#### [TASK INSTRUCTIONS]
Return the lines below exactly, please, from the one containing "Dépannage d'une installation solaire" through the last one, both included, and leave out any pictures.

#### [DATA EXCERPT]
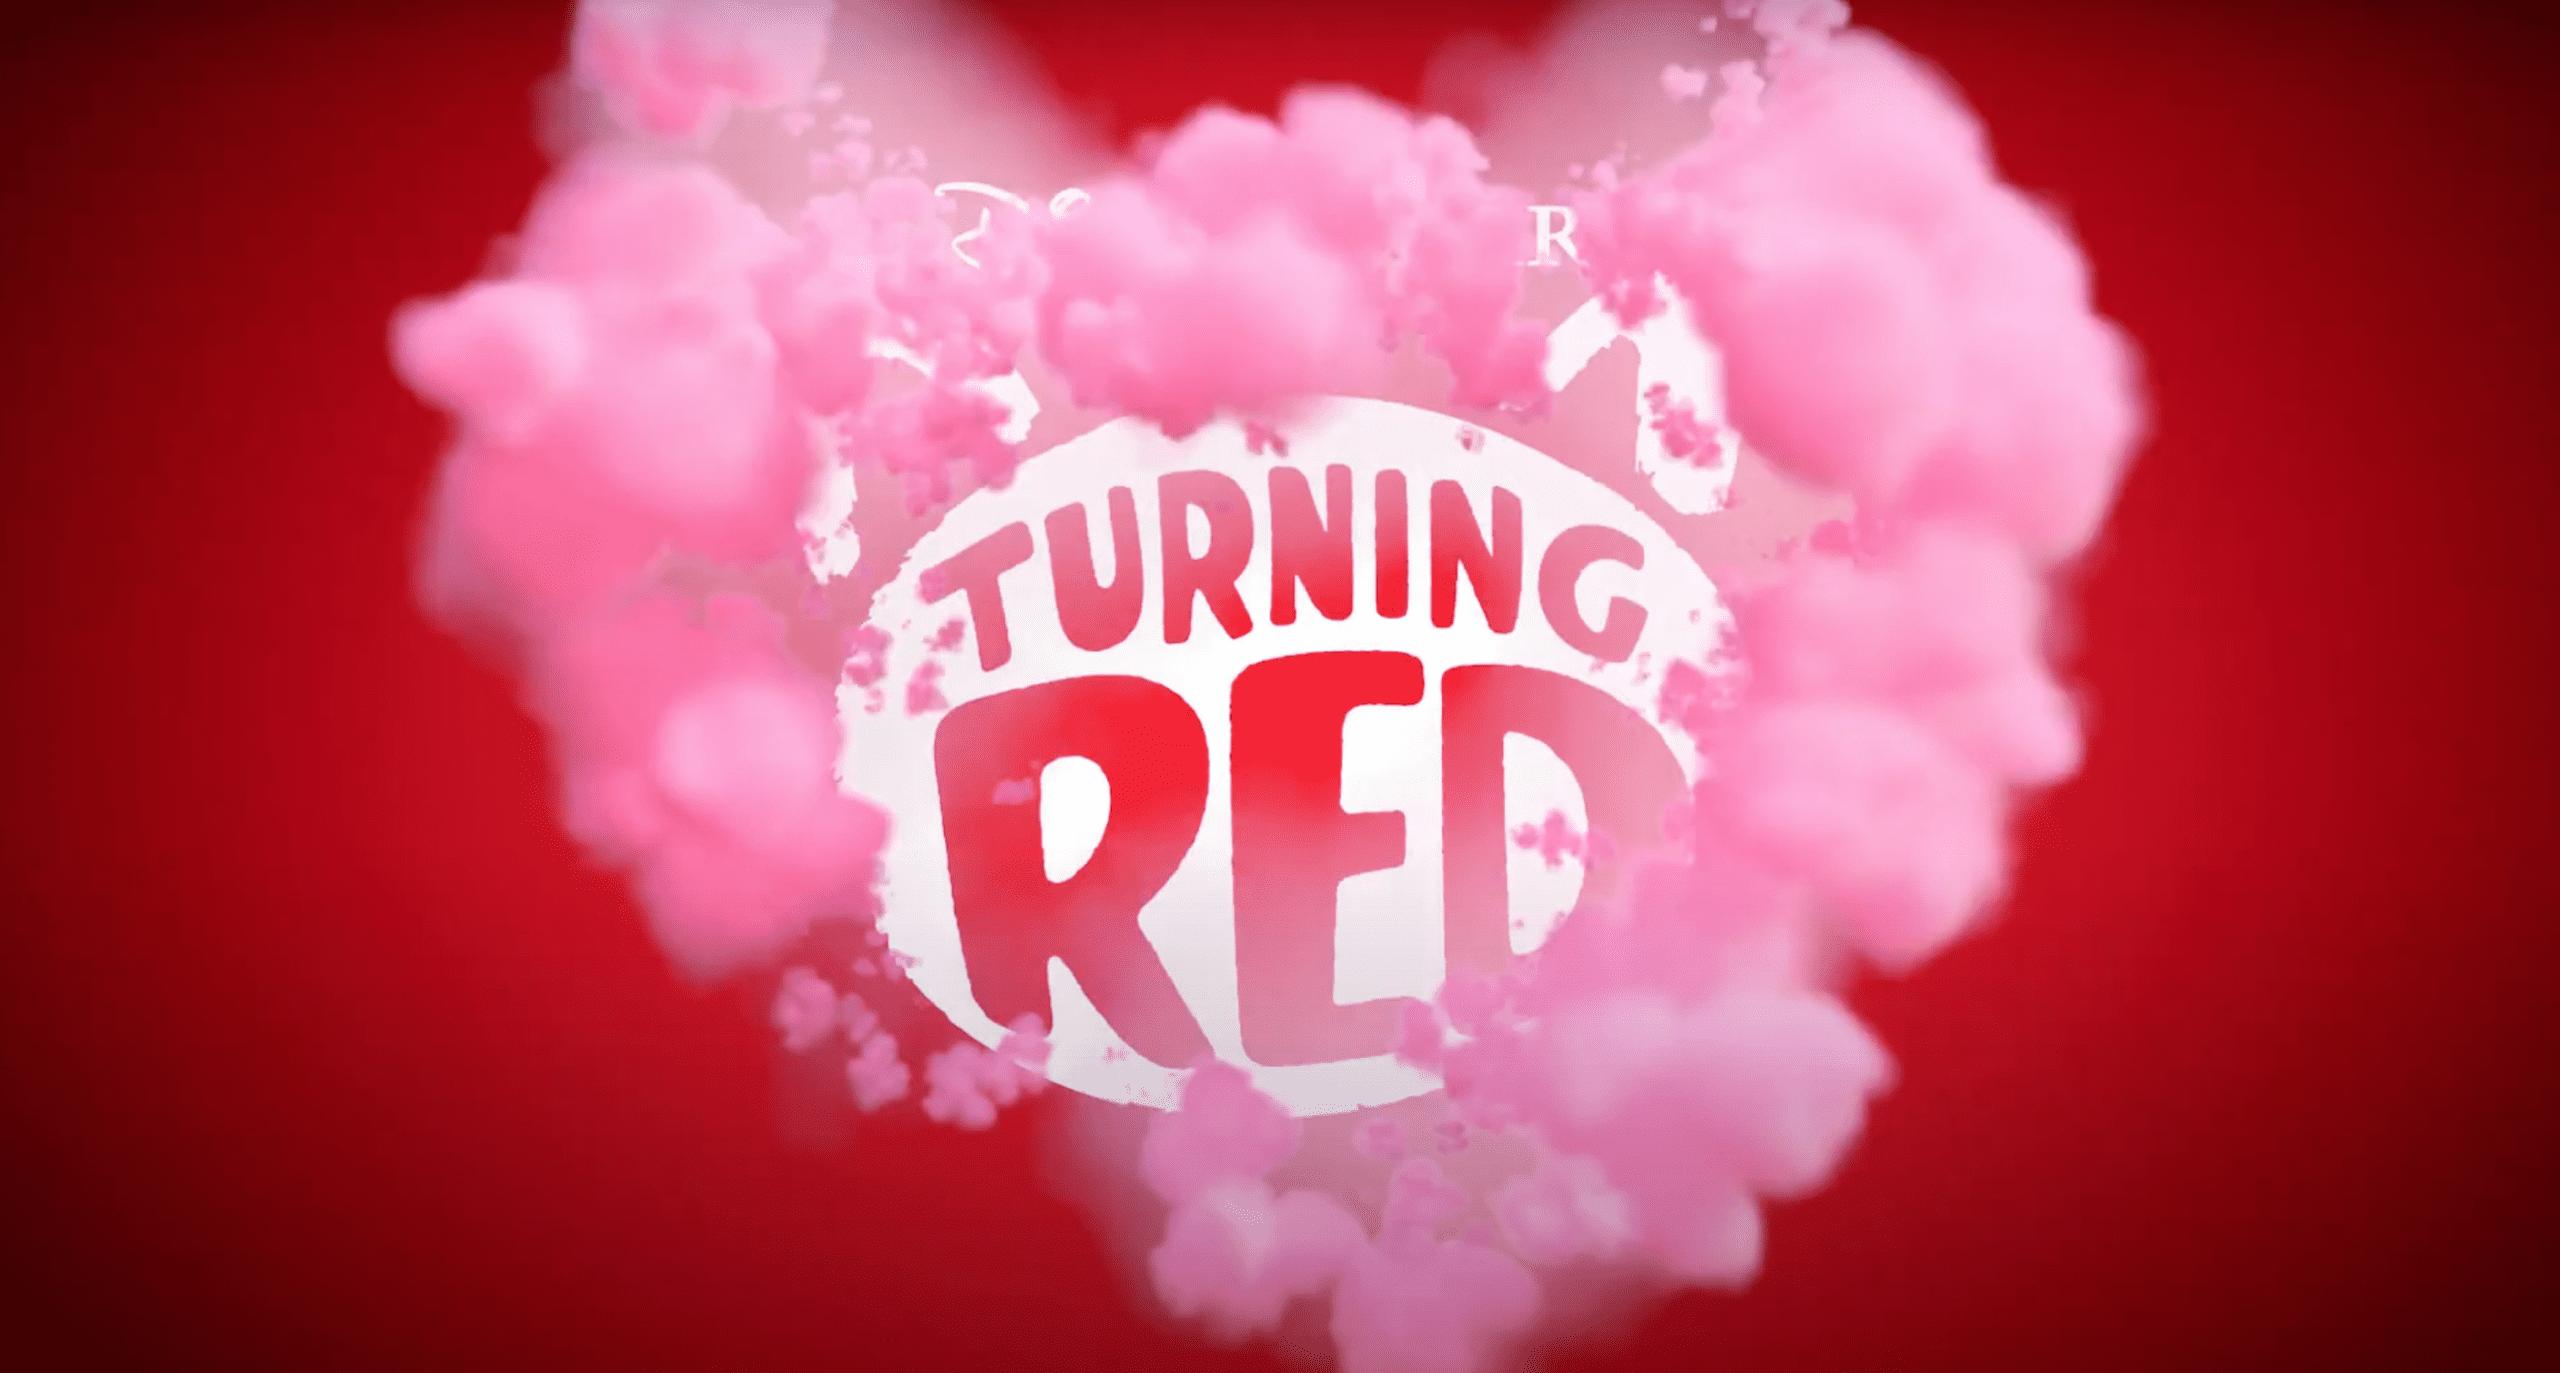 Turning Red Pixar
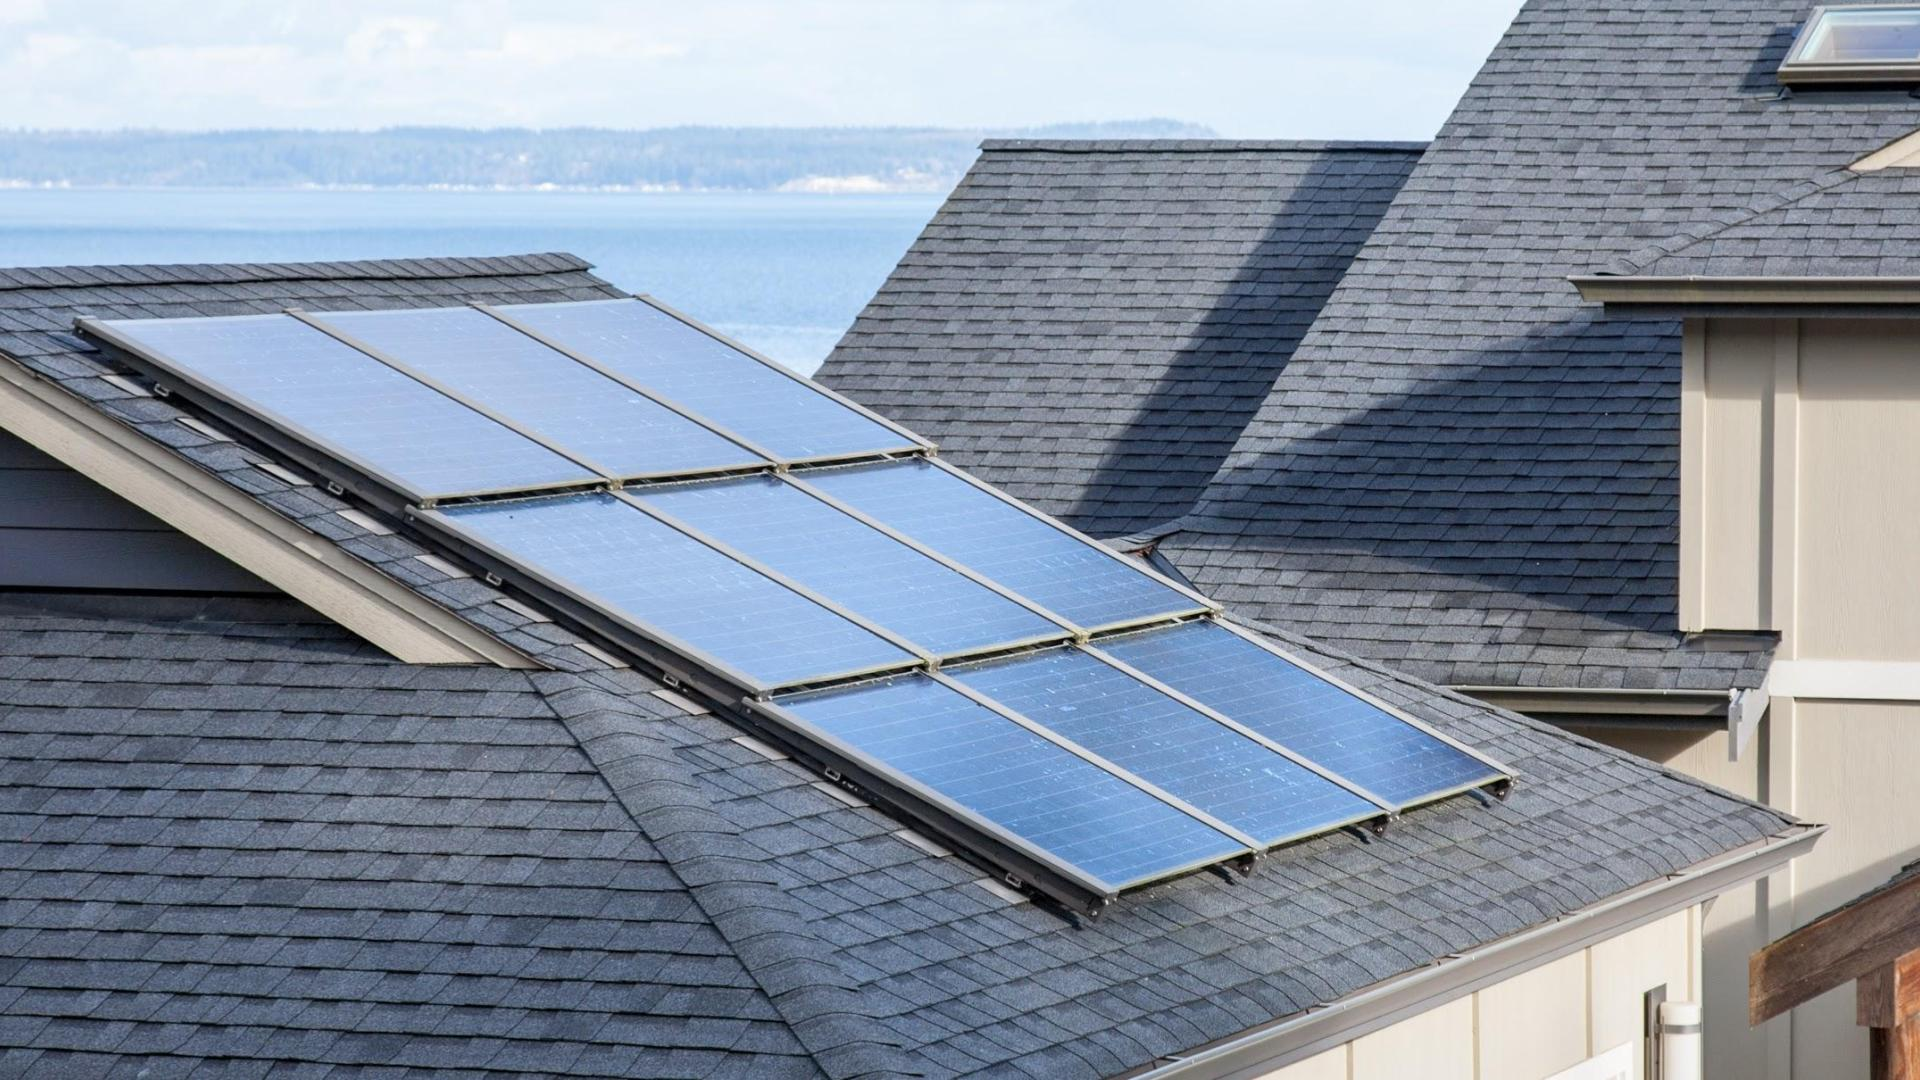 Dépannage d'une installation solaire
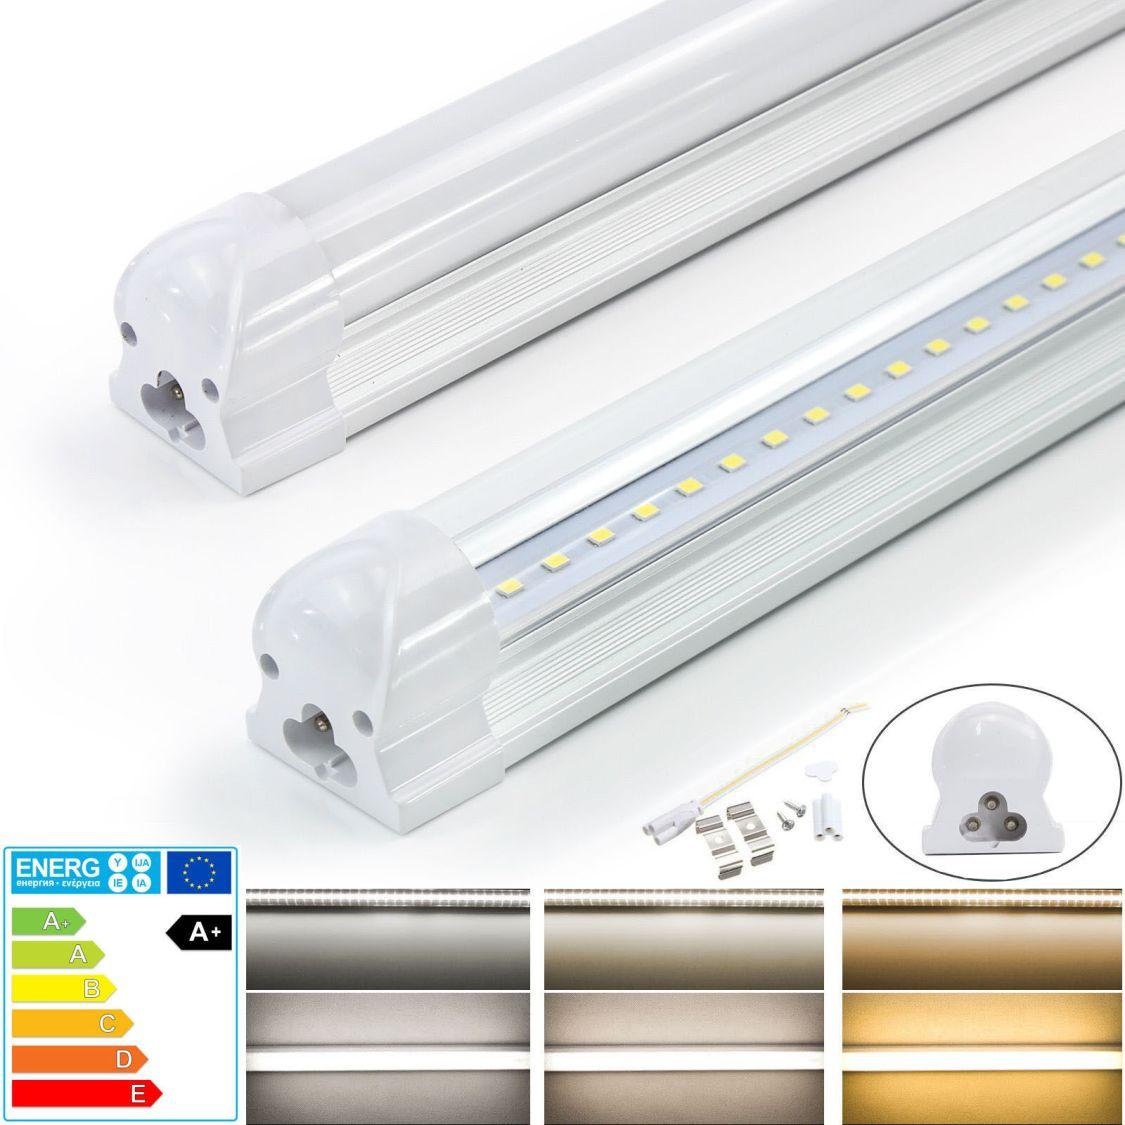 LED Leuchtstoffröhre Mit Fassung Leuchtstofflampe Komplett Lichtleiste T8 Tube

#### [EXERCISE RESPONSE]
 Dépannage d'une installation solaire
 LED Leuchtstoffröhre Mit Fassung Leuchtstofflampe Komplett Lichtleiste T8 Tube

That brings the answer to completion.